HIT-ImmunologyLab / PHISDetector

5 stars 2 forks source link

customed microbial genomes #1

Open Thexiyang opened 3 years ago

Thexiyang commented 3 years ago

Thanks for the nice tool! Is it possible for this tool run against the customed microbial genomes?

gancao commented 3 years ago

@Thexiyang Thanks for your usage! Did you mean predict hosts in microbial bacterial genomes? In PHISDetector, the database was in-built, composed of complete bacterial genomes and shotgun sequencing genomes including microbial bacterial genomes. Maybe we should consider how to provide a document for users to build personal database afterwards. Thanks for your advice!

Thexiyang commented 3 years ago

Thanks for the reply. Exactly what I am looking for. I have both virome and host datasets sequenced from the same environment. I think this will increase the matching accuracy of host and viruses. Hope this can be done very soon!

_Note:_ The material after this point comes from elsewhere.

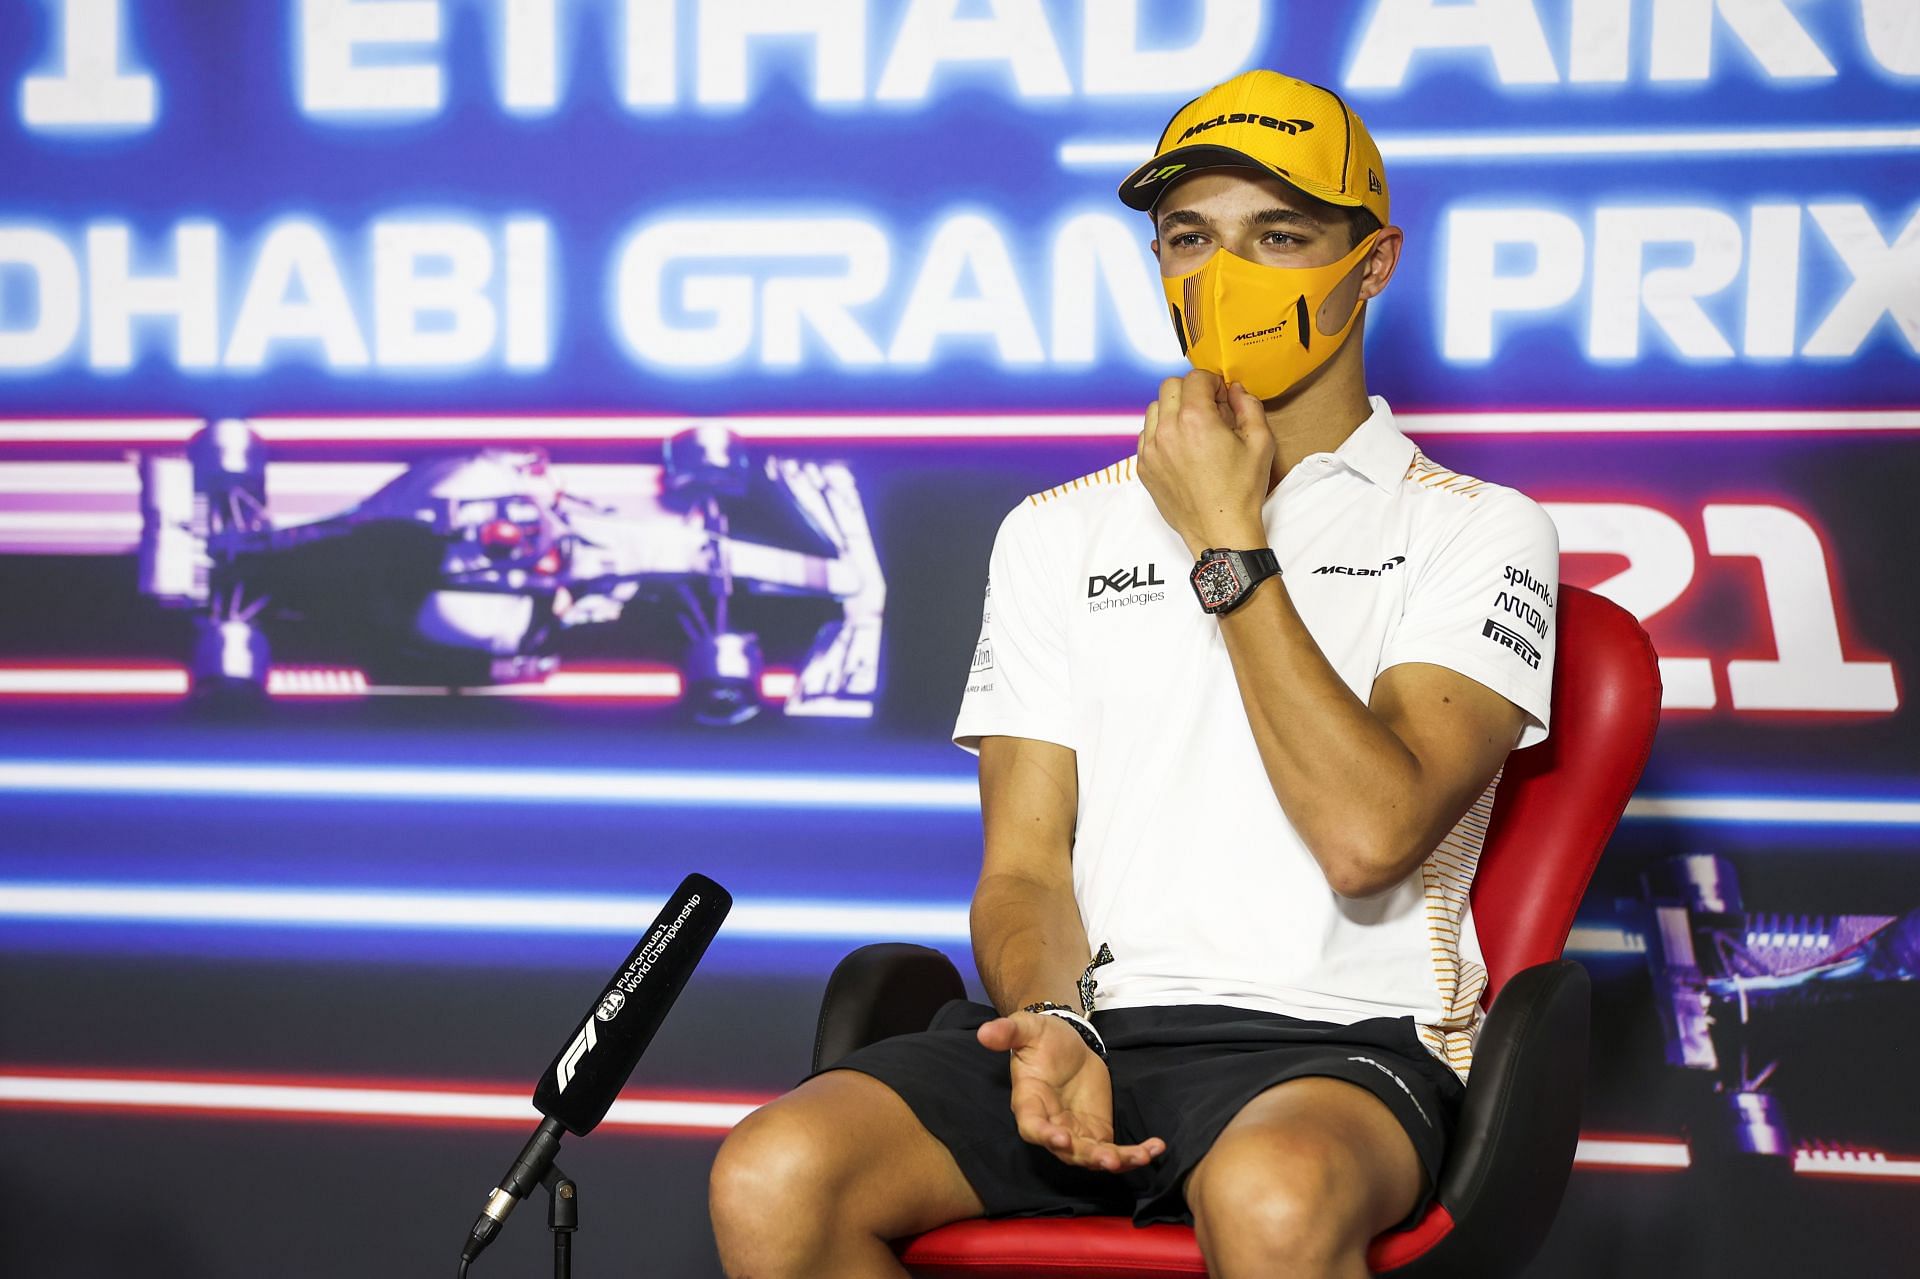 F1 Grand Prix of Abu Dhabi - Previews

gancao commented 3 years ago

Building the bacterial database need many dependencies and software, the main process can be concluded as the followings: (1) CRISPRCasFinder, PILER-CR, CRT for CRISPR detection (2) DBSCAN-SWA, Phage_Finder for prophage detection (3) diamond, blast to make comparisons between phage sequences and bacterial sequences (4) WiSH, VirHostMatcher to calculate oligonucleotide similarity (5) optinal, annotate protein domain using rpsblast with CDD database downloaded from NCBI after the above prediction, take the CRISPR, prophage sequences to build protein or nucleotide database so we provided a pre-built database finished in our linux environment. If you pay attention to several phages and hosts, you can try our webserver(http://www.microbiome-bigdata.com/PHISDetector/index/predict)

Thexiyang commented 3 years ago

Thanks! I saw that '3.Evaluate the interaction between the query phage and bacterium' fits to this aim. But it is not scalable to large datasets. Did you also have any established pipeline to combine the above for easy database construction? I think NCBI does not contain all the host genomes and will be also helpful to check the local data.

gancao commented 3 years ago

I am sorry for the failure of providing a well-established pipeline, and the users need to install the softwares as I replied. But I will improve it afterwards and send messages to you.

甘草

18883990694@163.com | 签名由网易邮箱大师定制 On 2/25/2021 16:31,dongxy23notifications@github.com wrote:

Thanks! I saw that '3.Evaluate the interaction between the query phage and bacterium' fits to this aim. But it is not scalable to large datasets. Did you also have any established pipeline to combine the above for easy database construction? I think NCBI does not contain all the host genomes and will be also helpful to check the local data.

— You are receiving this because you commented. Reply to this email directly, view it on GitHub, or unsubscribe.

Thexiyang commented 3 years ago

Any update on how to build a personal database? Thanks!